Stephanie Morrill is the creator of GoTeenWriters.com and the author of several young adult novels, including the historical mystery, The Lost Girl of Astor Street, which releases in February 2017. Despite loving cloche hats and drop-waist dresses, Stephanie would have been a terrible flapper because she can’t do the Charleston and looks awful with bobbed hair. She and her near-constant ponytail live in Kansas City with her husband and three kids. You can connect with her on FacebookTwitterPinterest, and check out samples of her work on her author website.

89 of you bold writers entered the Go Teen Writers #WeWriteBooks contest. Jill, Shan, and I are SO proud of you. We have often submitted our work to contests or industry professionals, and we know how scary it can feel. Thank you for trusting us with your words. We don't take the job lightly!

We are taking a break so we can devote adequate time to judging the entries. We will be back Monday, October 17th.

If you don't already know this about me, I love podcasts. Recently, I've been listening to a lot of podcasts featuring prolific indie authors who release 3+ books a year. (Which I did in 2013 and thought I was going to die.) I also listened to a string of episodes that all happened to be about writing faster, writing more, and constantly putting out more content.



The result of hearing this message over and over for several weeks left me feeling pretty bad about myself. I've been working on the same book for more than a year. I caught myself thinking things like, "What's wrong with me that I'm not done yet?" And even reminding myself that I have three children—including a baby, and a kiddo with special needswasn't helping me to feel any better about my progress.

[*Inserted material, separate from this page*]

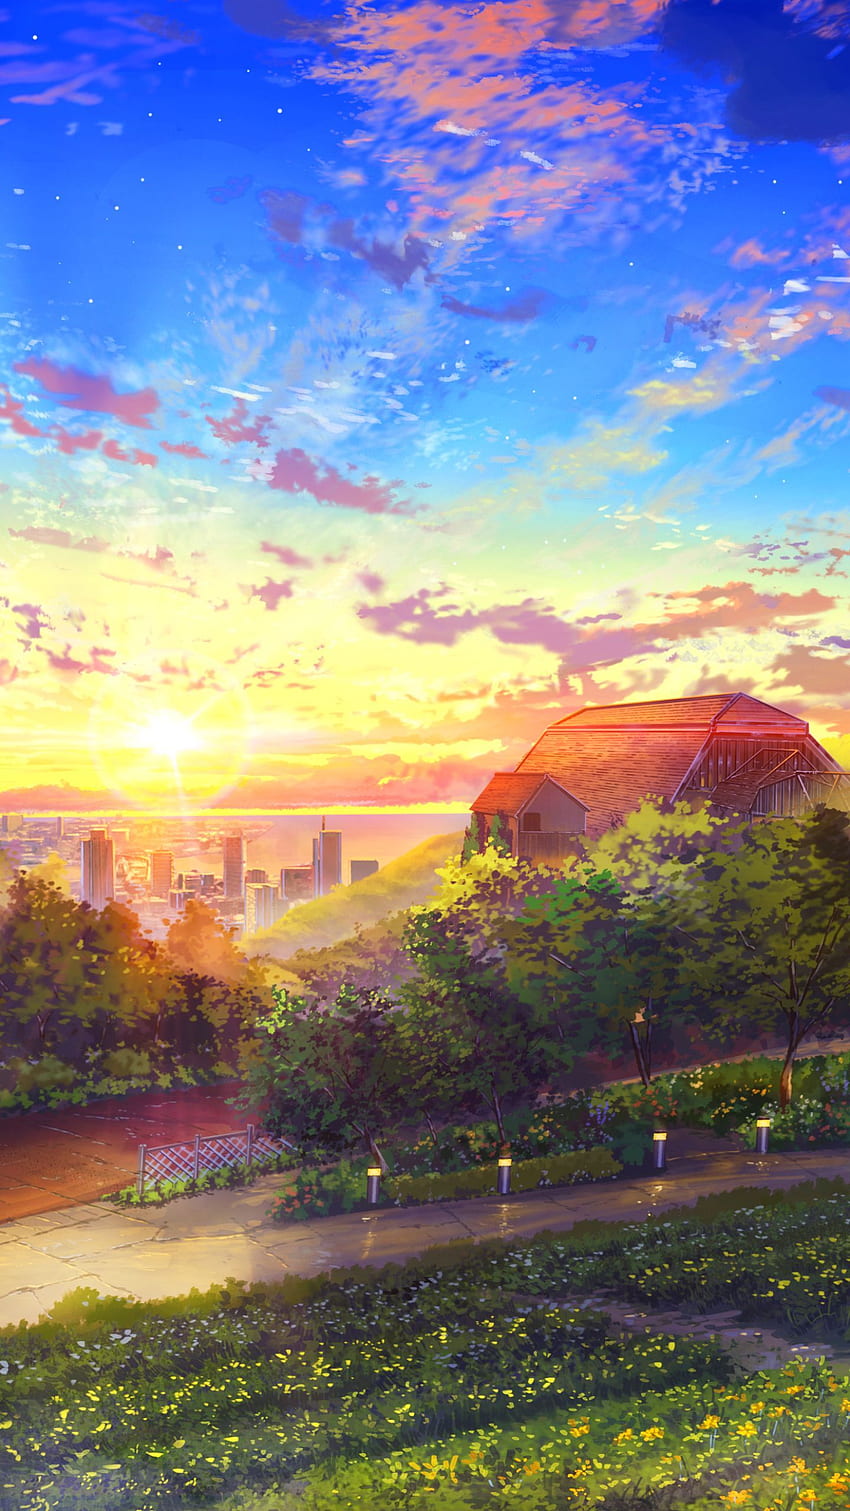 Anime Landscape 4k Ultra HD Wallpaper by Abyss-demhanvico.com.vn

Then a week ago, I listened to an interview with Carolyn Mackler, a longtime YA author who's probably most well-known for The Earth, My Butt, and Other Big, Round Things. She was talking about her most recent release, Infinite In Between, which is a big, complex novel. If I'm remembering the details right, it sounds like she completely rewrote the book two or three times before sending it to her editor, who told her, "You're getting closer." By the time she finally finished a draft that she was happy with, it had been three years of working on the book.

Again, I might be slightly off on the details, but the takeaway for me was that this professional writerwho has won awards,hit bestseller lists, and had loads of critical acclaimdidn't get the book right the first time, and she gave herself the time she needed to get it right.

Her words finally silenced that voice inside me that kept saying I wasn't going fast enough.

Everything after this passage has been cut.